Non-western views, such as liberation theology, start from the perspective that God stands alongside the oppressed. Example: James Cone might say 'God is black'.
Attributes of God
The words we use to describe God’s being. From Aquinas:
the way of eminencei (via eminentiæi): removal of limits, ergo omni-*
The Way of Negation (via negationis): – absence of defect; think of some kind of bad thing, and then say that God is untouched by this problem; e.g., the world is chaotic, God is at rest; the world is unjust, God is just; the world is imperfect and mutable, God is perfect and immutable, etc.
The main idea is that we talk about God by talking about what he is not.
The Way of Causation (via causalitatis)
we look at the things that God has caused, and reason back to what he must be like in order to have caused that thing;
so, if the world is ‘finite,’ then God must be ‘infinite,’ because infinitude cannot be explained in terms of finitude.
God’s uniqueness
This led theologians to posit the idea that God is simple, i.e., he is not a unique collection of attributes that we might otherwise find distributed elsewhere – he just is who he is.
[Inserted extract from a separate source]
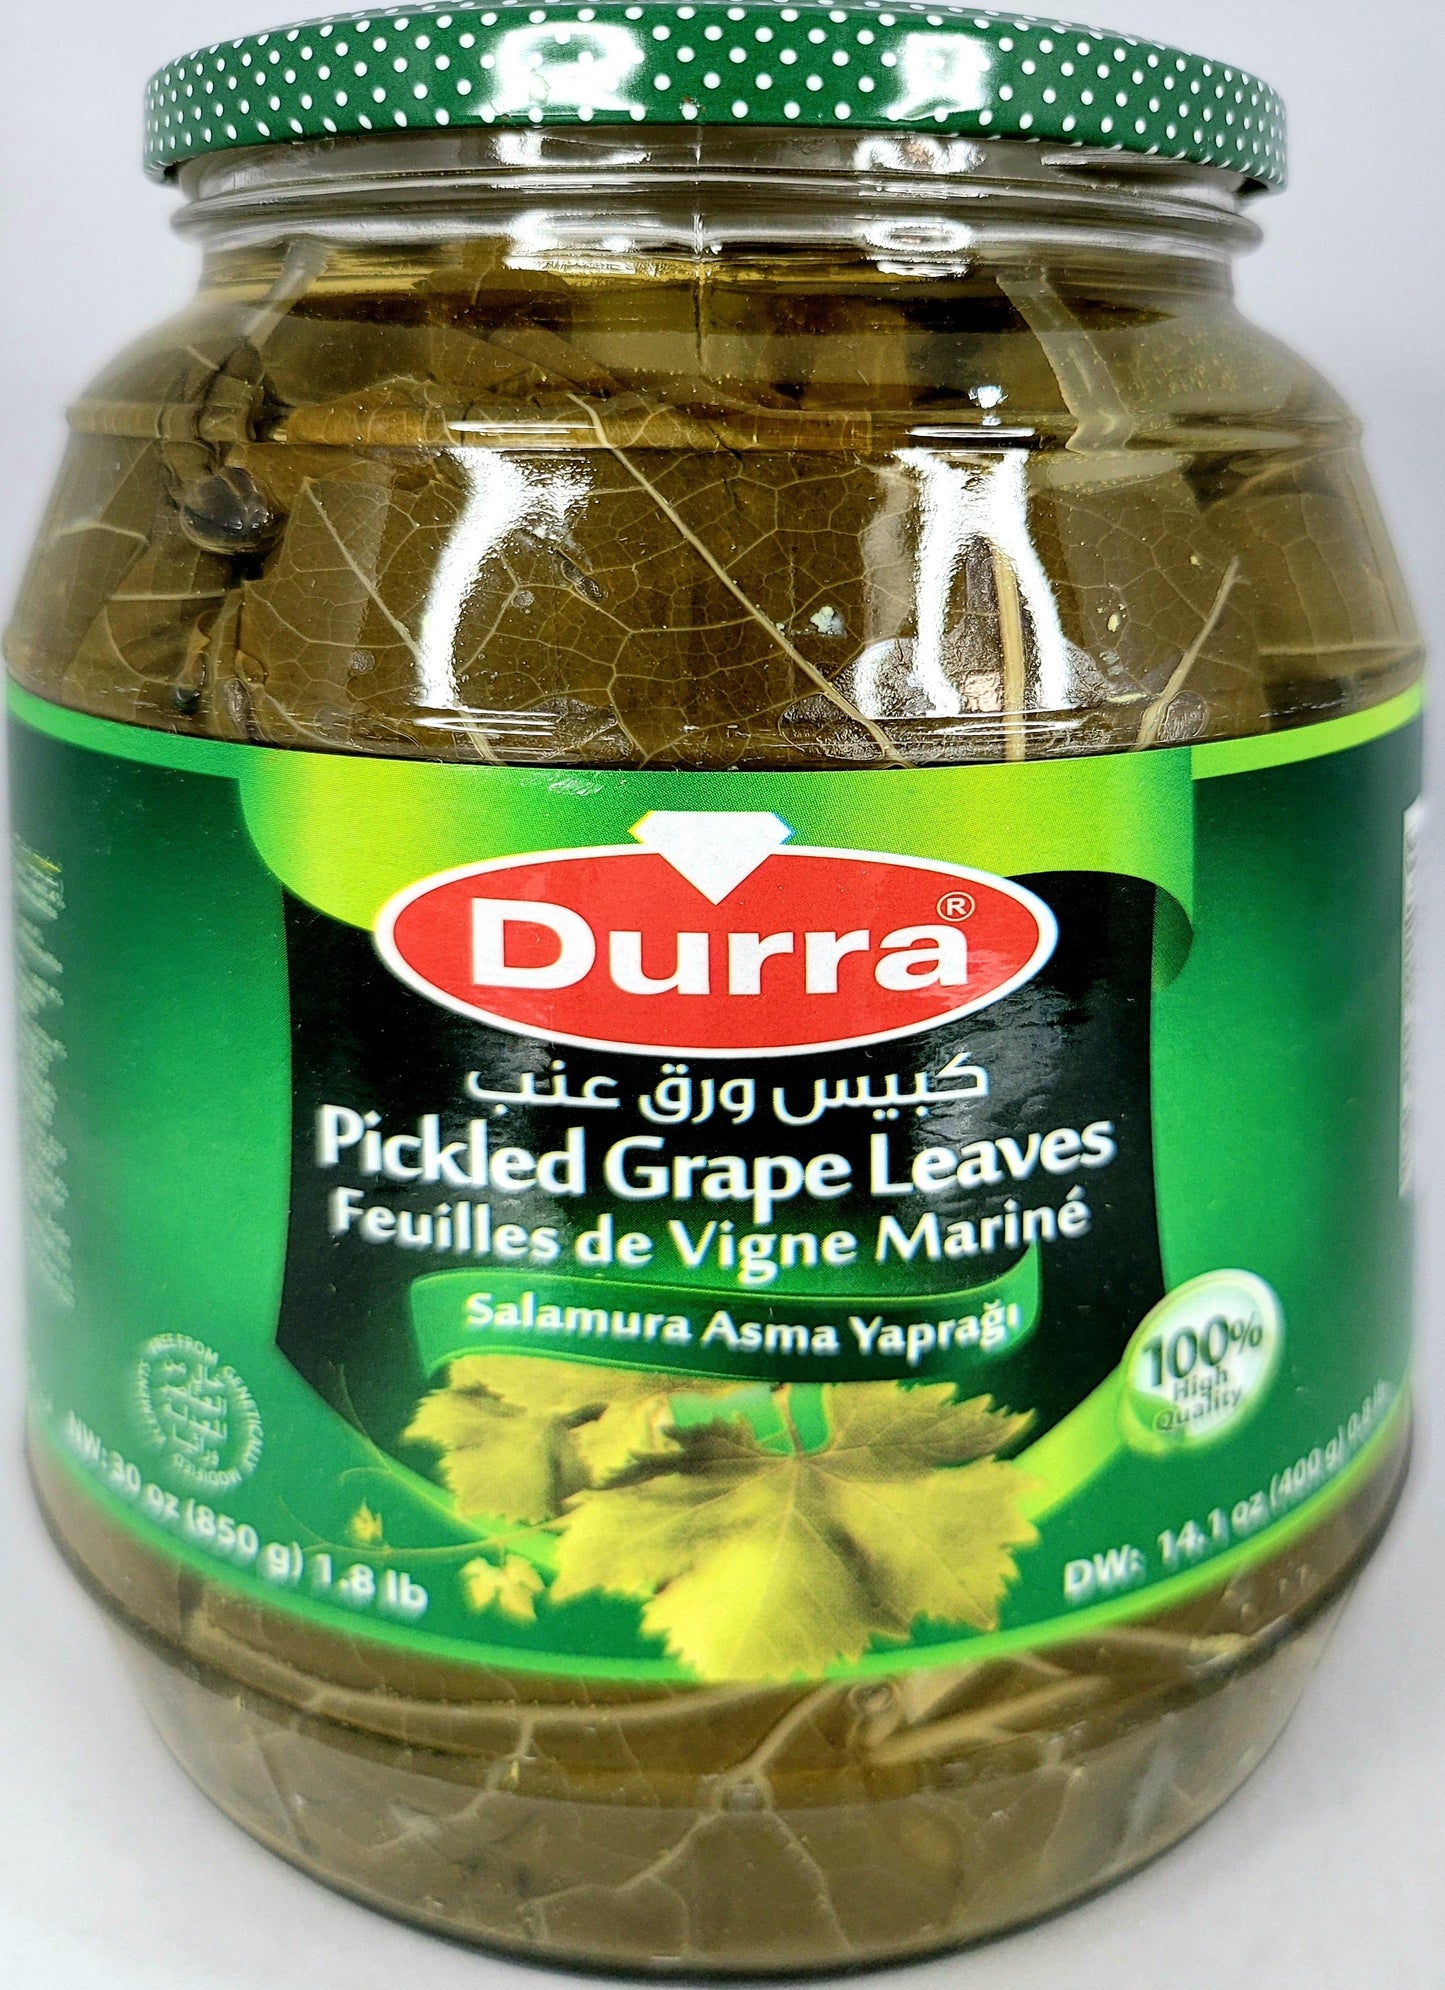 Durra Pickled Grape Leaves 850g (400g net) - Arabian Shopping Zone

God is God
But Moses said to God, “If I come to the Israelites and say to them, ‘The God of your ancestors has sent me to you,’ and they ask me, ‘What is his name?’ what shall I say to them?” God said to Moses, “I am who I am.”
Is it even valid to describe God in term of attributes? The argument is that if you remove one you have diminshed God and take them all away and He’s gone!
‘All attributes which we ascribe to God are to be taken as denoting not something particular in God, but only something particular in the manner in which [we are] related to him.’
The Christian Faith, §50
Or… incommunicable vs communicable
Incommunicable: attributes in which creation does not participate
Communicable: attributes in which creation can participate
Barth—characteristically—tries to unify both sides
‘As ministers we ought to speak of God. We are human, however, and so cannot speak of God. We ought therefore to recognise both our obligation and our inability and by that very recognition give God the glory.’